The application of natural medicinal products to manage the diseases of man is primordial. Man has often depended on natural substances to treat some ailments, especially in the developing economies. The trend is being reversed in recent times in some advanced countries because of the perceived long term toxicity of some synthetics drugs. Some of the natural products have provided the lead for researches, discovery, development and synthesis of many orthodox drugs in current use; for instance the 4-aminoquinolines for malaria and the cardiac glycoside, digitalis for arrhythmias.

Alstonia boonei grow wild as a lactiferous tree, and belongs to the family, Apocynaceae. It is widely distributed, but thrives best in the tropics and subtroprical regions. Studies reveal that most components of the plant have medicinal values.
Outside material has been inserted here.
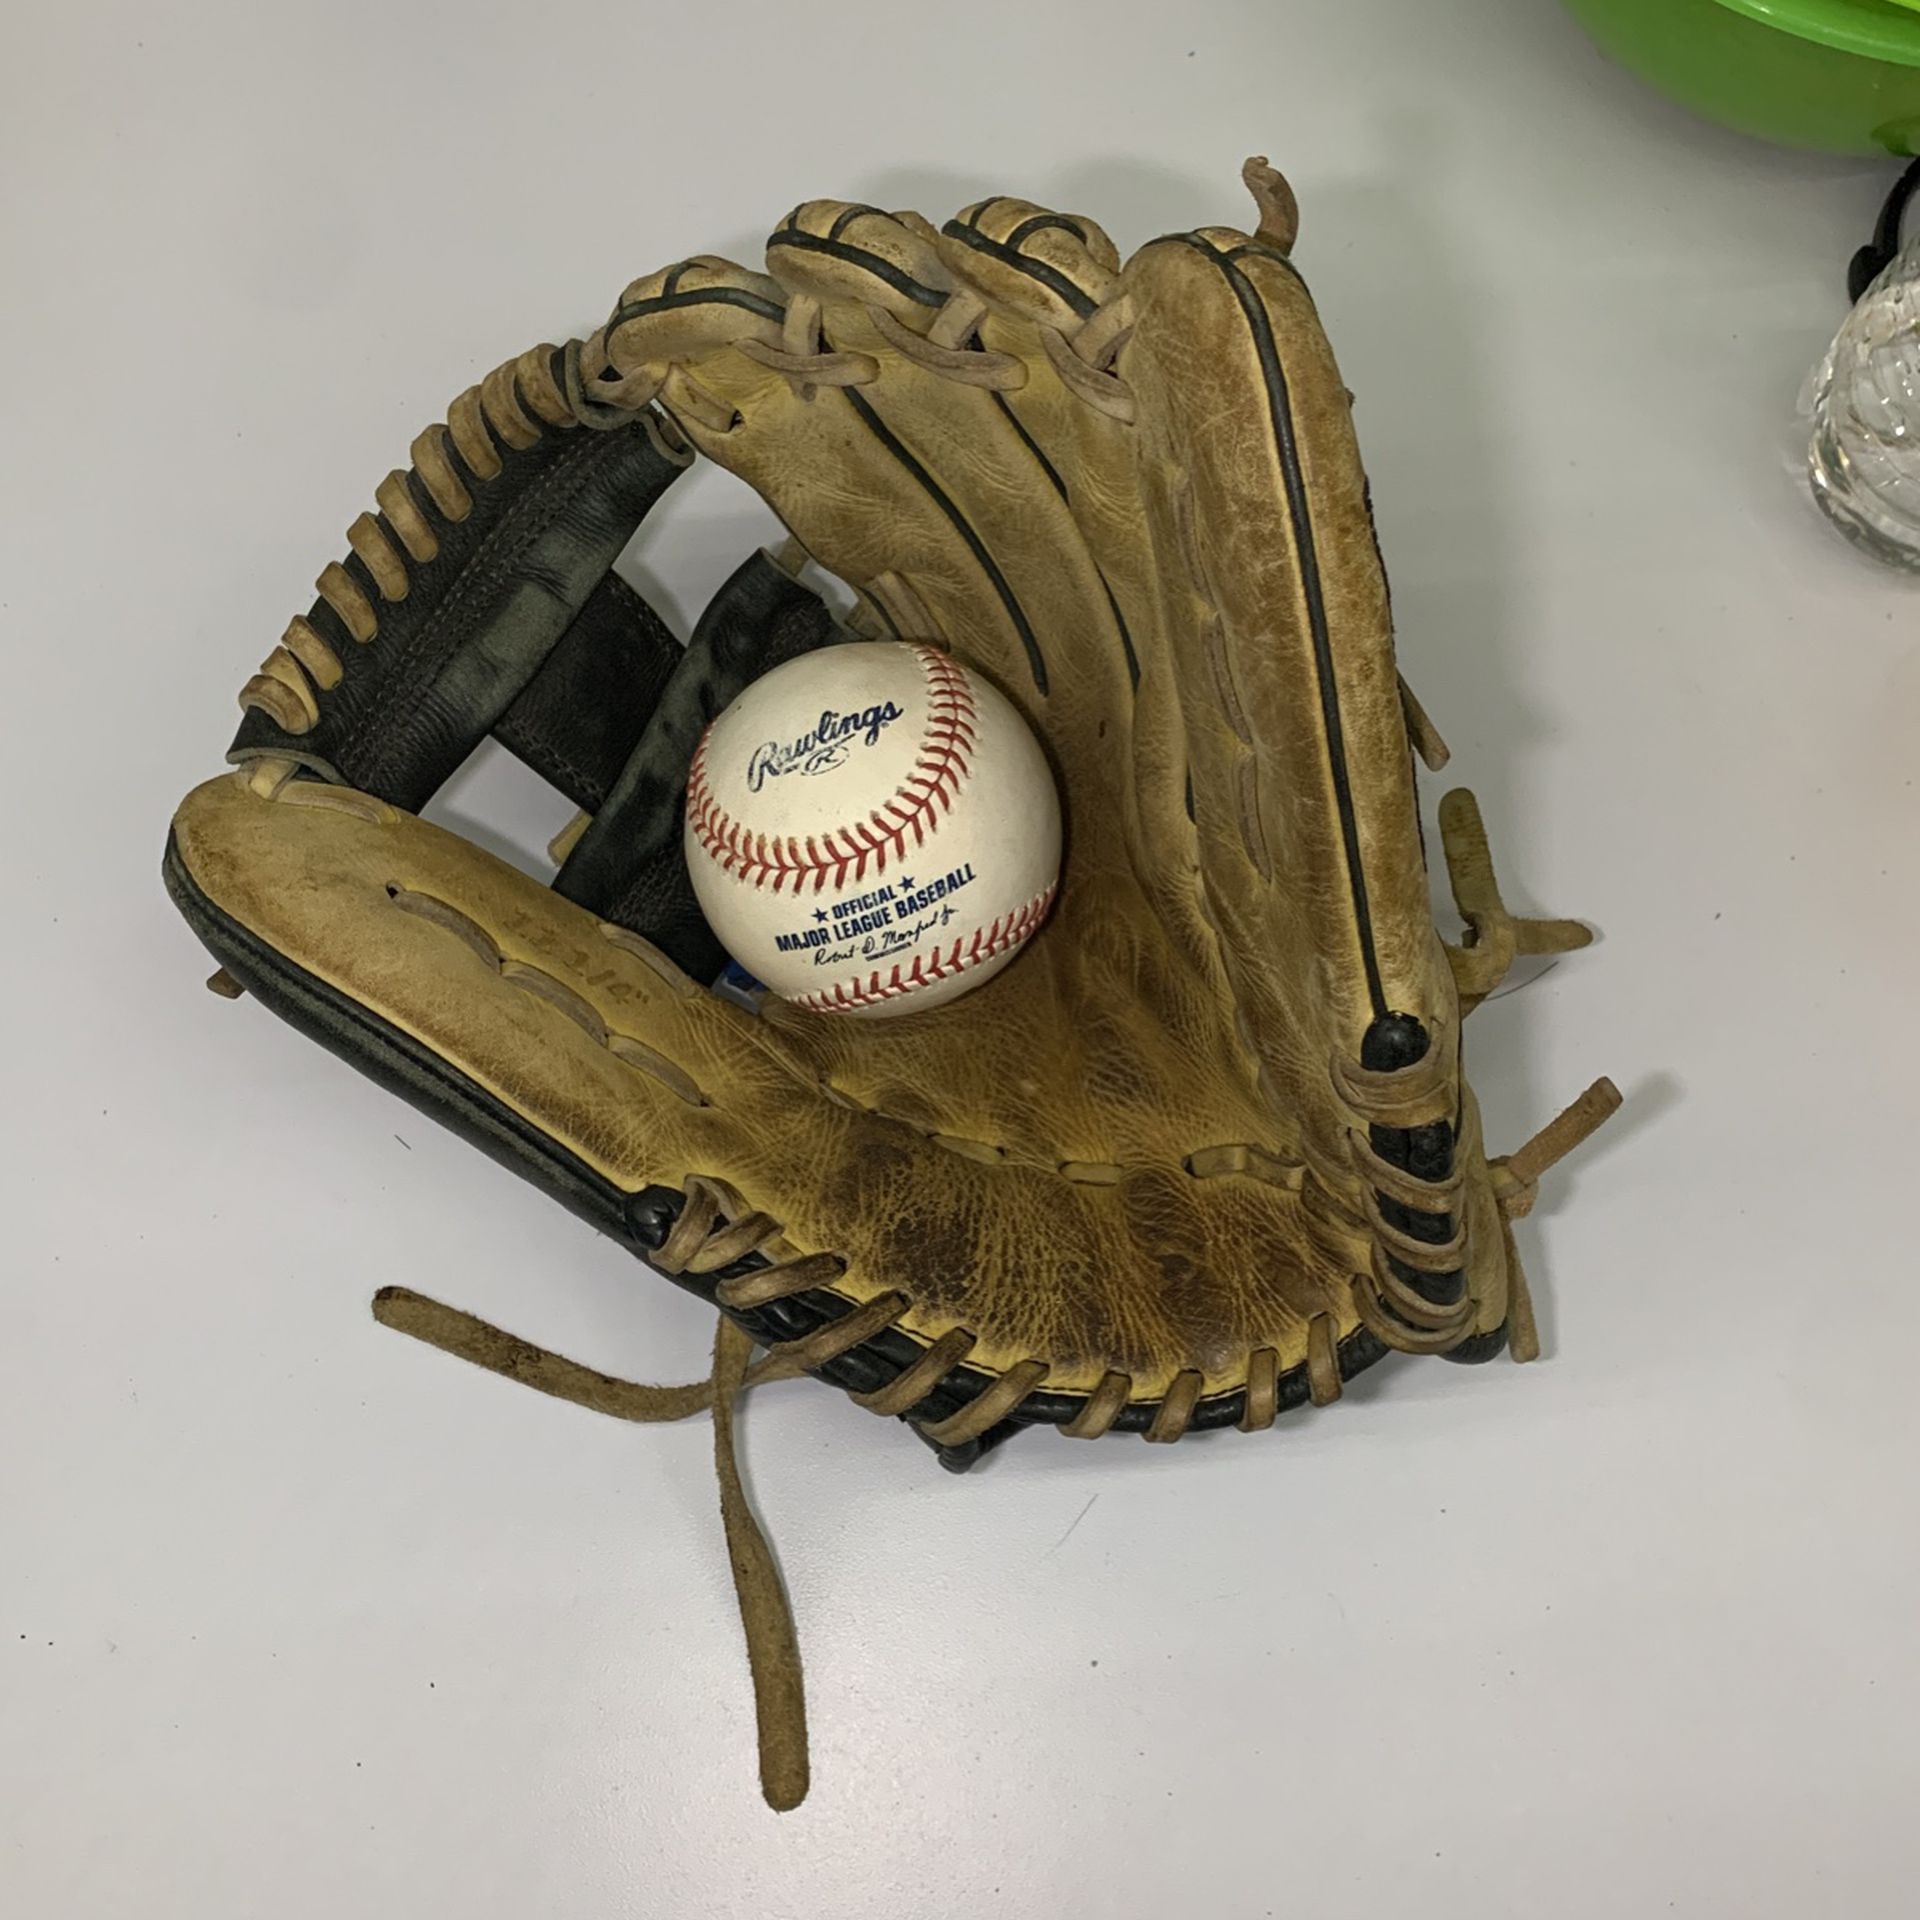 Youth Baseball Glove

The phytochemical analysis shows that the plant contains alkaloids, terpenes, sterols and porphyrines. Some of them have been isolated and characterized. They include echitamine, astonine, ditanine, chlorogenine, alstovenine, etc. The pharmacological screening of the plant extract reveals the following actions. Antimalarial antipyretic (Ojewole, 1984); analgesic, antiinflamatory (Kweifio-Okai, 1996, Olajide et. al., 2000) antipsychotic, lactogenic (Yinusa et.al., 2005, ) diuretic, antihypertensive (Kucera et al., 1972) anthelmintic, spasmolytic (Makinde, 1996) antidote, antimicrobial (Olajide, 2000). Studies exist to show that some antimalarial drugs possess antifertility properties. This has been documented for quinine, and chloroquine by Sairam(1978), Meisel et al (1993), and Adeeko and Dada (1998). Lohiya et al., (1994), Raji and Bolarinwa (1997) and Raji et al., (2003) have also reported the reversible antifertility activities of extracts of Carica papaya, quassia amara and Azaridichta indica respectively.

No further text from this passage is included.